Сметливый читатель не удивится, узнав, как я начал этот разговор.
— Разумеется, — сказал я, — тебе будет немножко больно. И неприятно.
Марчелла Фазан
Долгое отсутствие Мингуилло, пребывавшего за границей, — мы не знали, где именно, и нам было все равно, — дало нам возможность лучше узнать друг друга, мягко и нежно. Мой дневник превратился в иллюстрированное любовное послание. Я выпрямилась и расправила плечи, чтобы видеть Санто издалека. Я стала лучше видеть, потому что в любую минуту в поле моего зрения мог оказаться Санто. Слух мой обострился настолько, что я слышала, как он улыбается на другой стороне острова.
У нас было мало радостей, но мы думали, что у нас есть время.
А потом вернулся Мингуилло и привез с собой новый шедевр на тему того, как разрушить мое счастье.
— Мингуилло планирует медленное убийство, — сказала я падре Порталупи, и у того вытянулось и побледнело лицо, — но руками других, естественно.
Это была наша первая по-настоящему откровенная беседа, когда без слез и причитаний я рассказала ему обо всех обидах и несчастьях, которые Мингуилло причинил мне с самого детства, о покушении на жизнь Ривы и Пьеро и о том, как он изувечил мне ногу.
— Но почему же ты молчала все это время? — спросил падре Порталупи. Он был совершенно разбит и уничтожен. В одно мгновение на него обрушилась вся тяжесть невольного пособничества. Я вспомнила слова Сесилии и поняла, что дурно обошлась с этим человеком, который с радостью согласился бы помочь мне. И теперь наконец я вознаградила его своим доверием, которое он давно заслужил.

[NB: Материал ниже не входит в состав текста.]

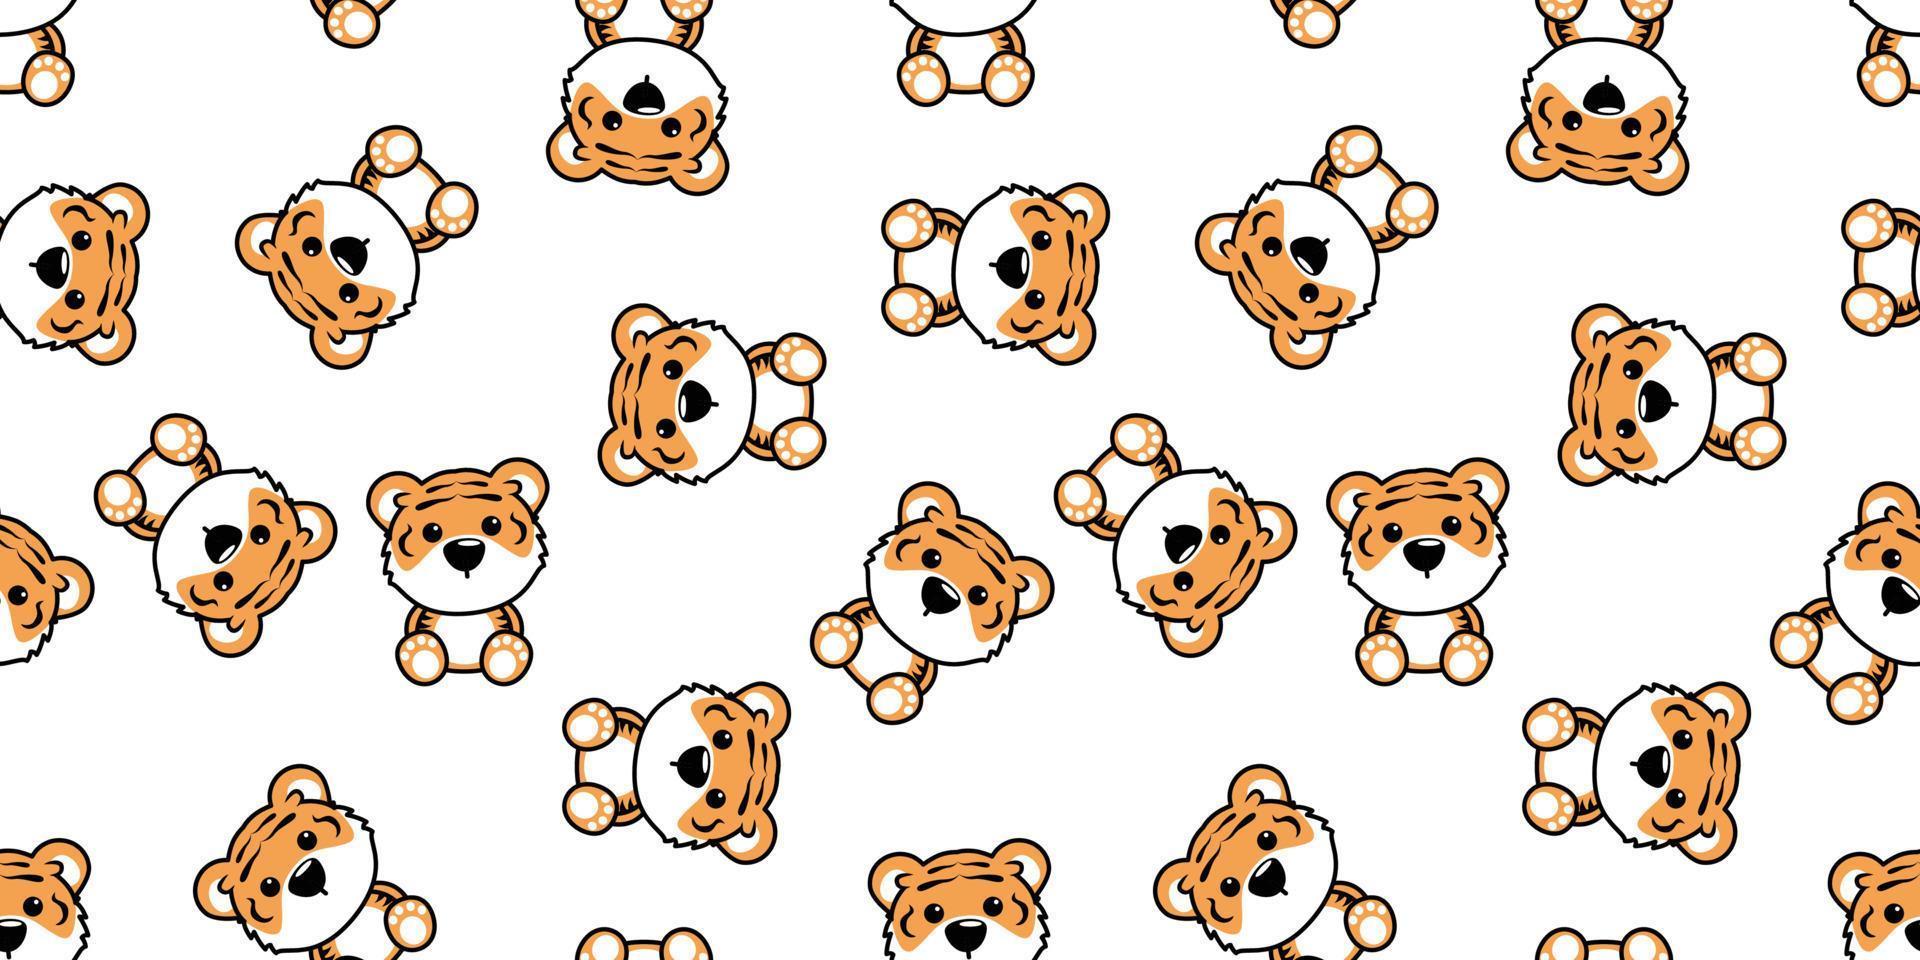 Cute tiger cartoon seamless pattern, vector illustration

— Я не молчала. Не могли бы вы сохранить для меня вот это? Я протянула ему страницы дневника, который продолжала вести на острове. Он открыл первую страницу, начал читать и заплакал. Перевернув ее, он обнаружил собственный портрет, очень похожий на оригинал. Перевернув следующую страницу, он наткнулся на портрет Санто.

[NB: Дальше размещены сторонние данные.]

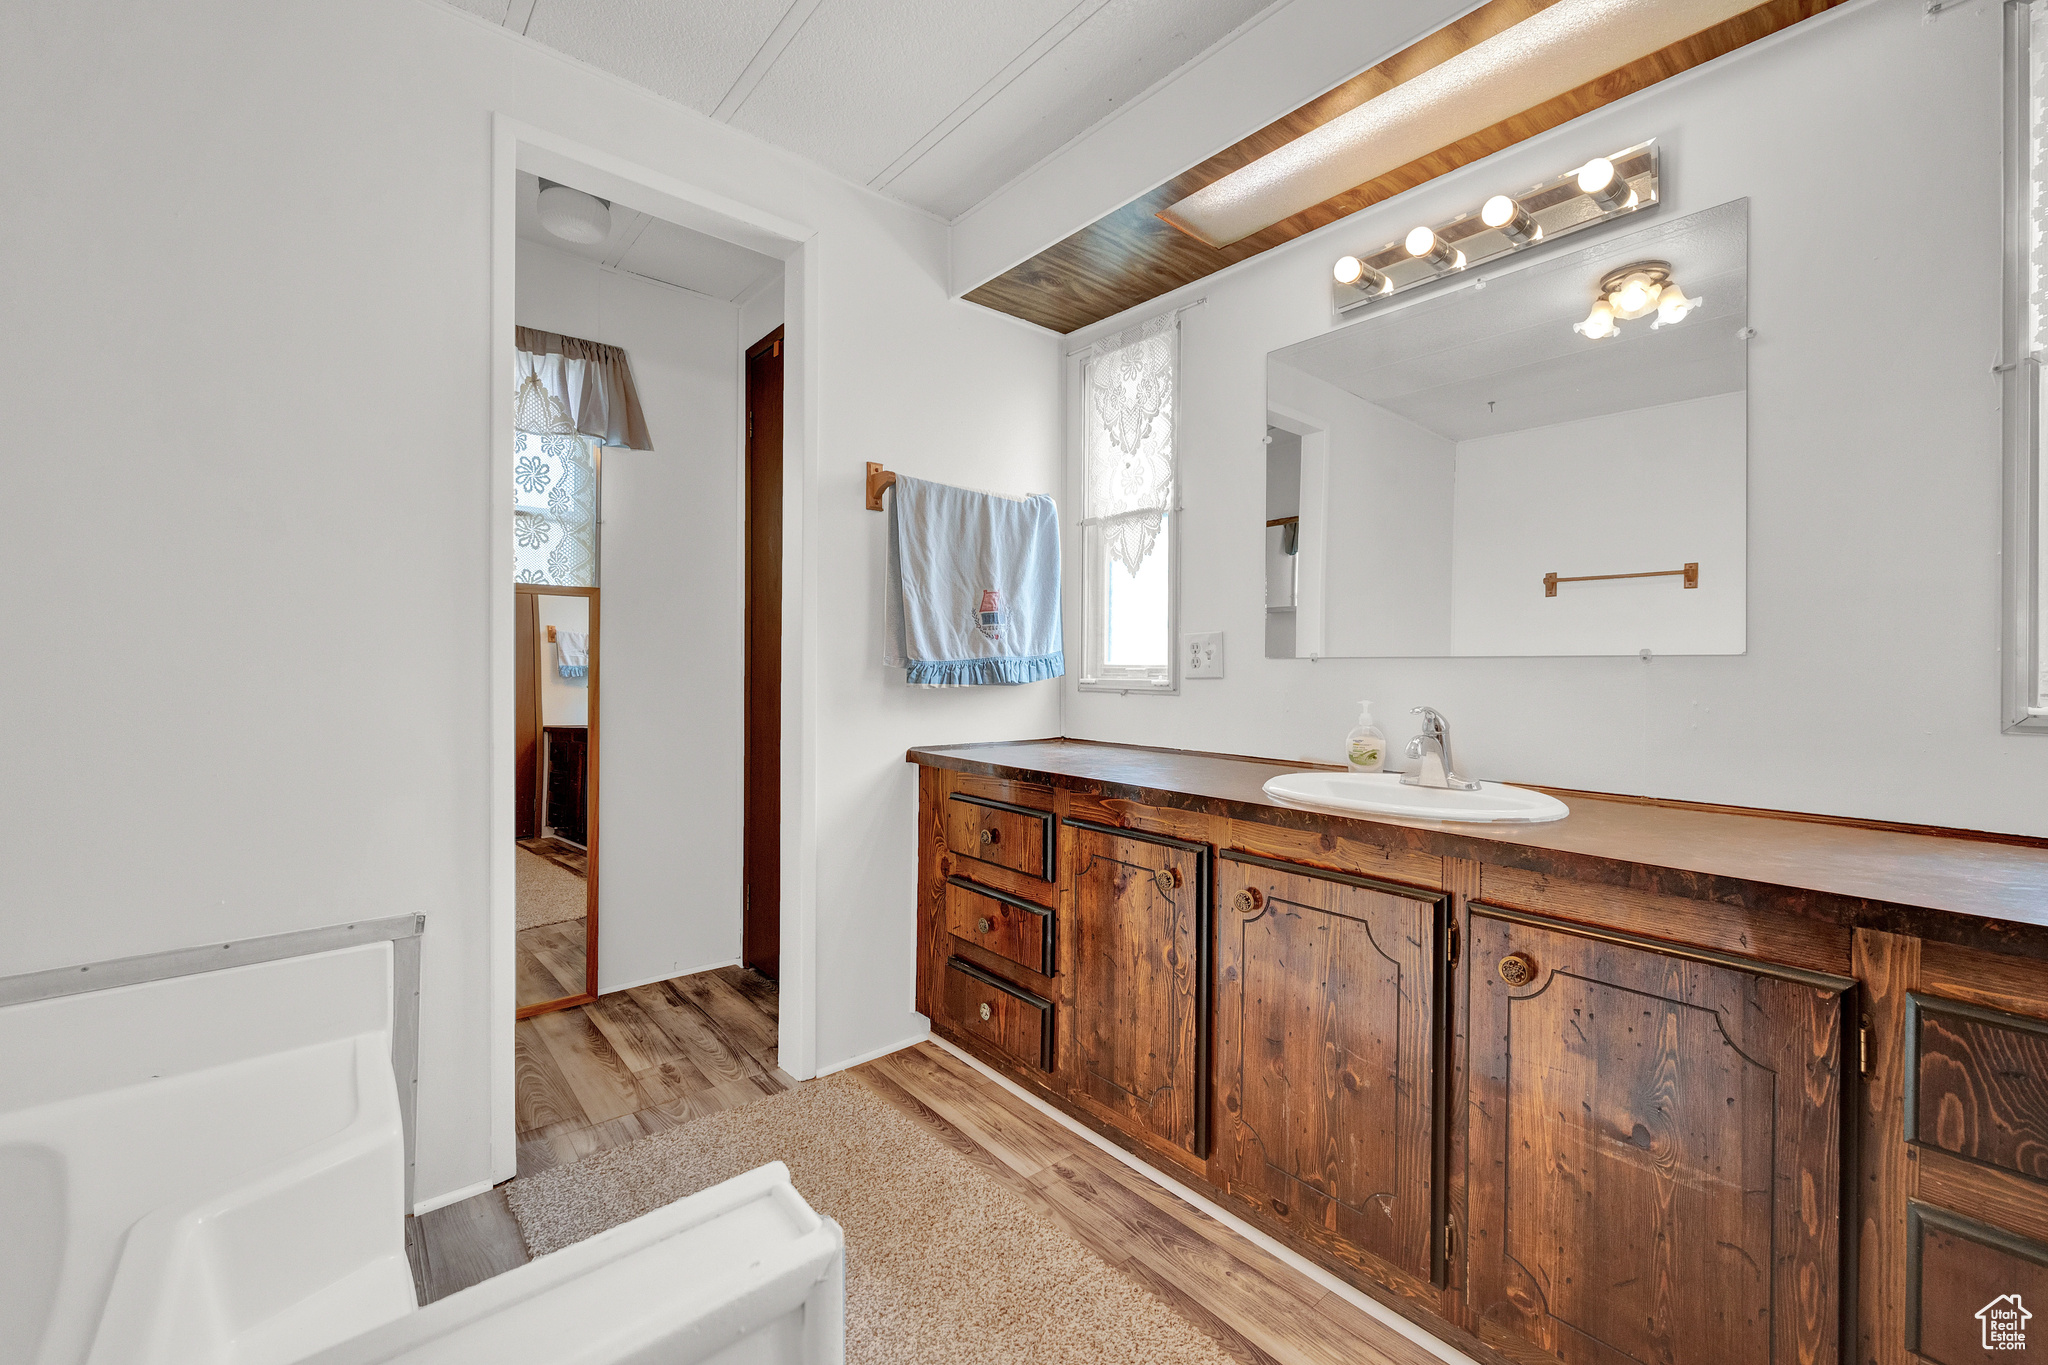 Bathroom featuring hardwood / wood-style flooring, a bathtub, and large vanity

Он мягко поинтересовался у меня:
— Наш доктор Спирито и есть твой Санто?
Я кивнула.
— Но Санто ни разу не оставался со мной наедине здесь, на острове.
— Этого можно было не говорить. Честь молодого человека не позволила бы ему поступить таким образом. В отличие от твоего брата. Я намерен положить этому конец, — заявил он.
Я сказала ему, что он ничем не сможет мне помочь.
— Мингуилло уничтожит вас, если вы хотя бы попытаетесь. К чему еще и вам приносить себя в жертву?
Я объяснила падре, что Мингуилло уже и так играет с ним, как кошка с мышкой. Если он захочет устроить Мингуилло неприятности, то рискует лишиться места.
— Вы стоите здесь между бедными пациентами и всеми модными теориями Парижа, которые поддерживают хирурги. Да вы и сами это прекрасно понимаете. Марта, Фабриция, все мои друзья — они нуждаются в том, чтобы вы защитили их. Кроме того, вам следует подумать о собственном положении. Нищий изгнанник никому не сможет помочь.
Потому что падре Порталупи походил на монахиню, обреченный на бедность своей профессией. Если Мингуилло добьется его отставки, воспользовавшись каким-нибудь искусственно раздутым скандалом в качестве предлога, то никто не возьмет опозоренного монаха на работу врачом и не позволит ему прикасаться запачканными руками к больной плоти пациентов.
— Неужели более некому помочь тебе, Марчелла? — упорствовал он.
— Дело сделано. Я еще несовершеннолетняя. У меня нет денег на адвоката. Мой брат уже договорился с монахинями Арекипы о том, что они возьмут меня к себе. Он сказал, что даже мои сундуки уже уложены и готовы к отплытию.